- **Description of the task**:
In the entries that follow, find the line containing "手工相框制作方法图解_硬纸板手工制作相框图片" and the line containing "岩手県在住盗撮師盗撮記録vol.30 盗撮シリーズ 盗撮動画紹介 102PIX 90", then retype exactly the lines from the first through the second, pictures excluded.

- **Record excerpts**:
↓

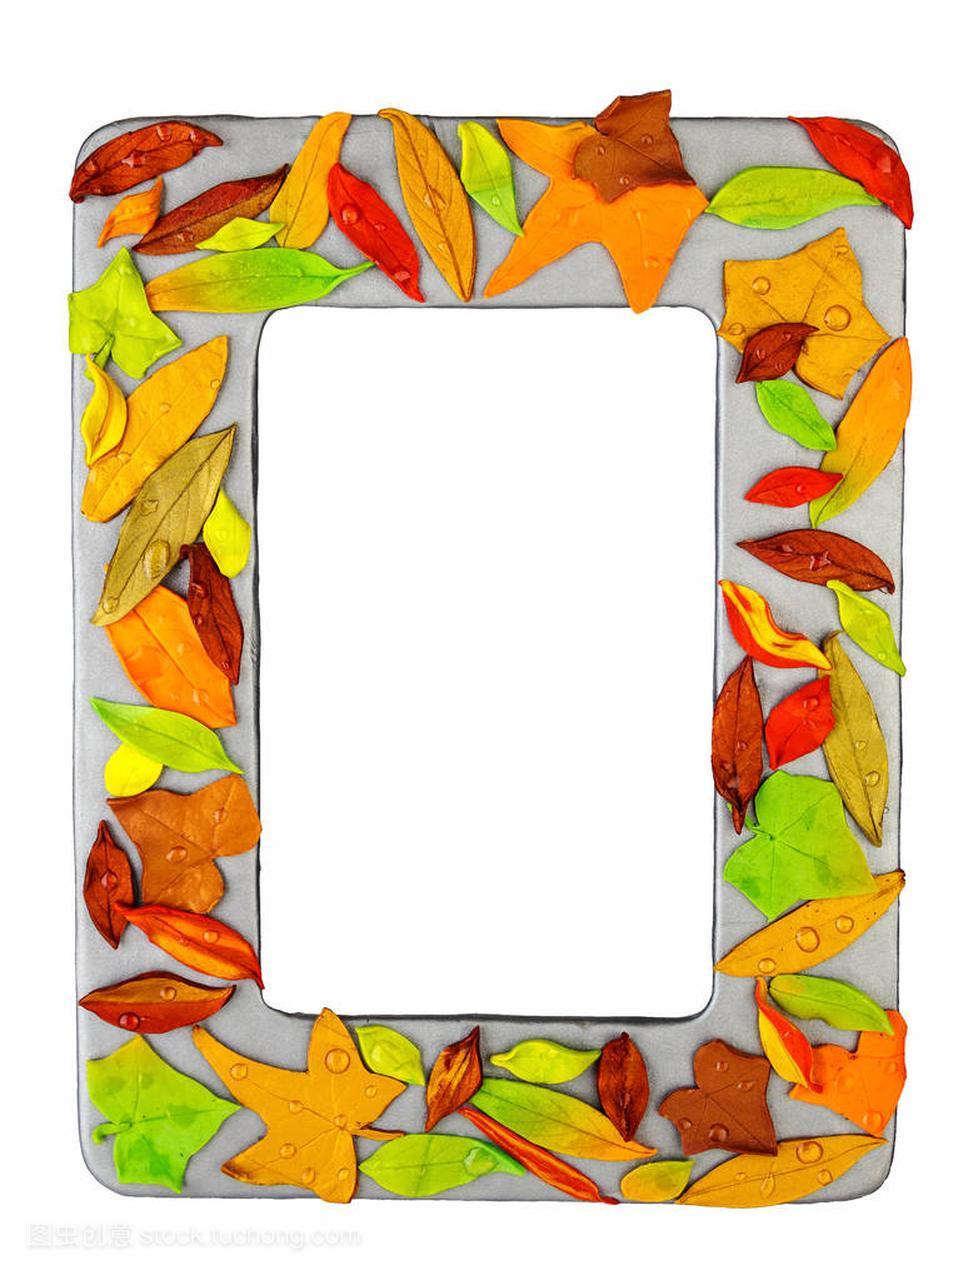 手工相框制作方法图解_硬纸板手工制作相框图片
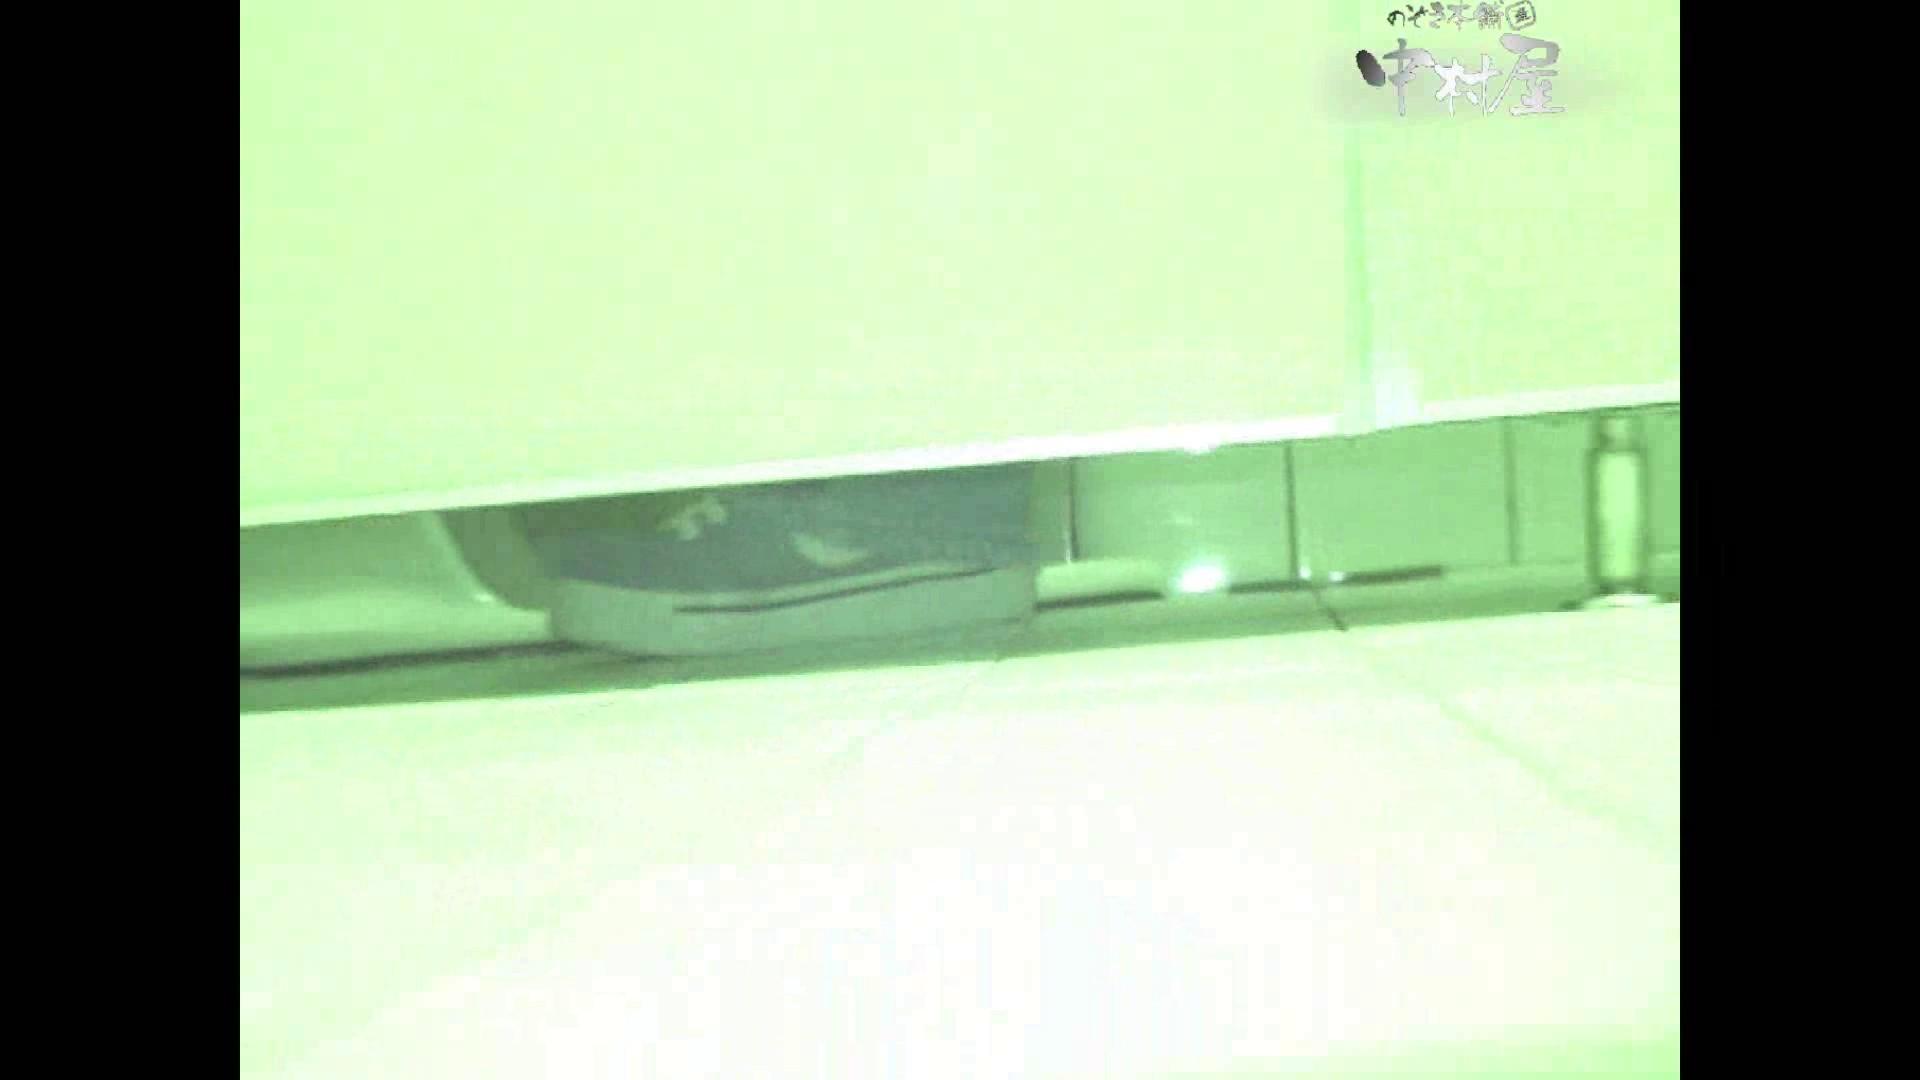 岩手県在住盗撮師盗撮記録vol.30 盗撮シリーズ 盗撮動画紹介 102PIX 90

↑
↓

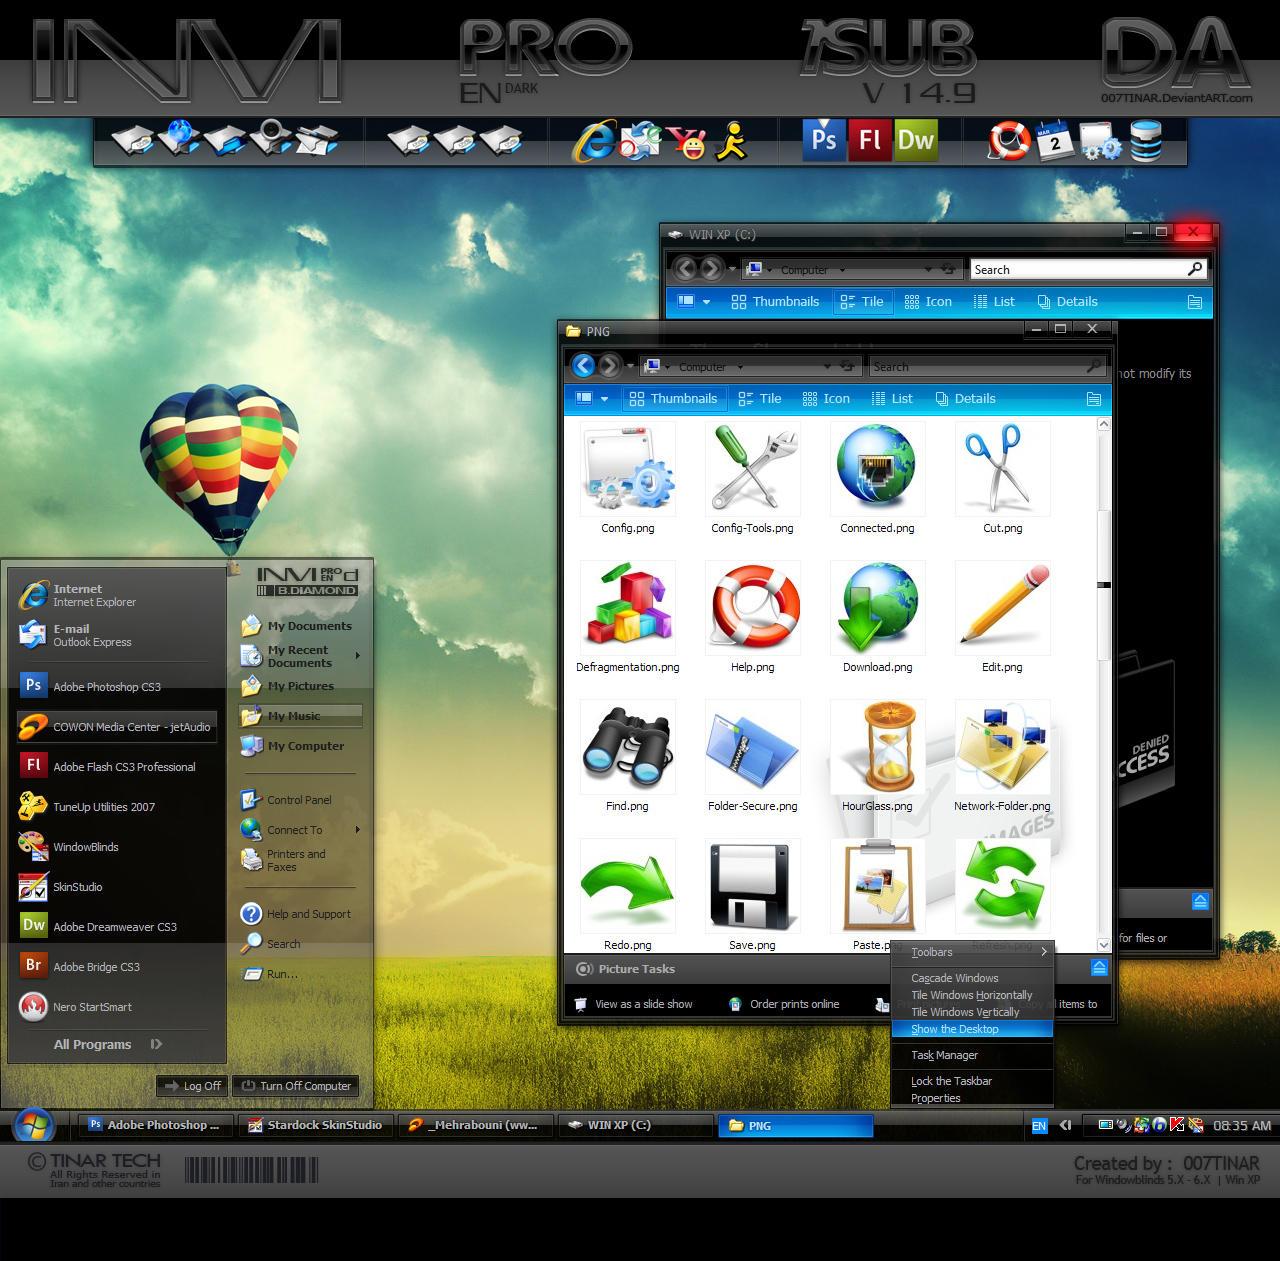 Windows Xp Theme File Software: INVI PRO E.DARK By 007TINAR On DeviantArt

↑
↓

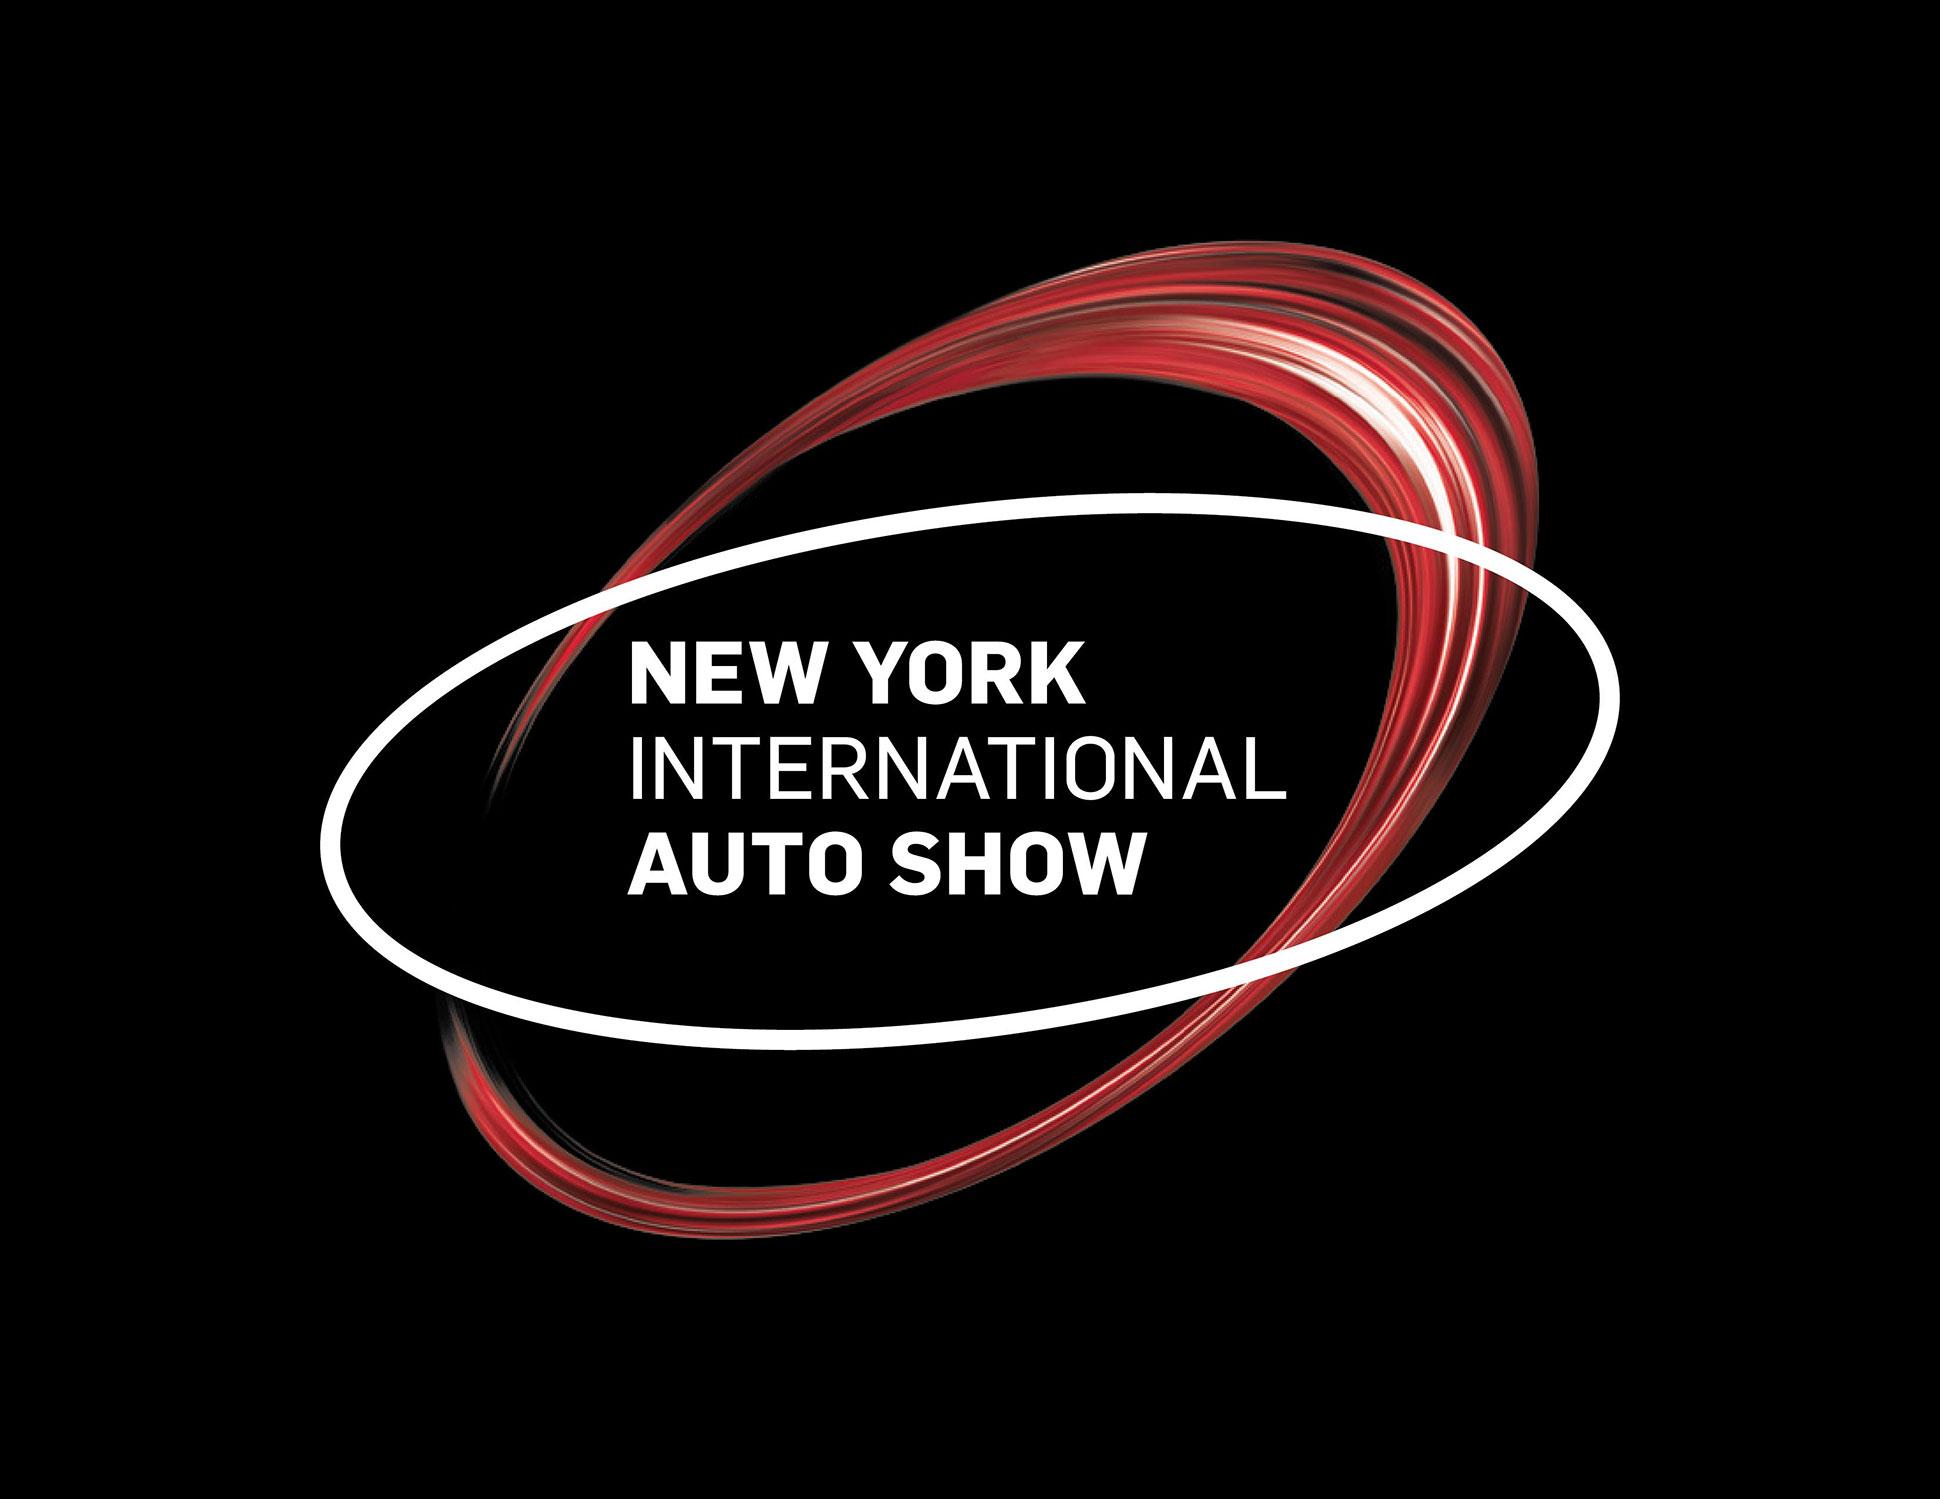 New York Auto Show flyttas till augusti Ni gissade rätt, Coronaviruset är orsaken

↑

- **Expected answer**:
 手工相框制作方法图解_硬纸板手工制作相框图片
 岩手県在住盗撮師盗撮記録vol.30 盗撮シリーズ 盗撮動画紹介 102PIX 90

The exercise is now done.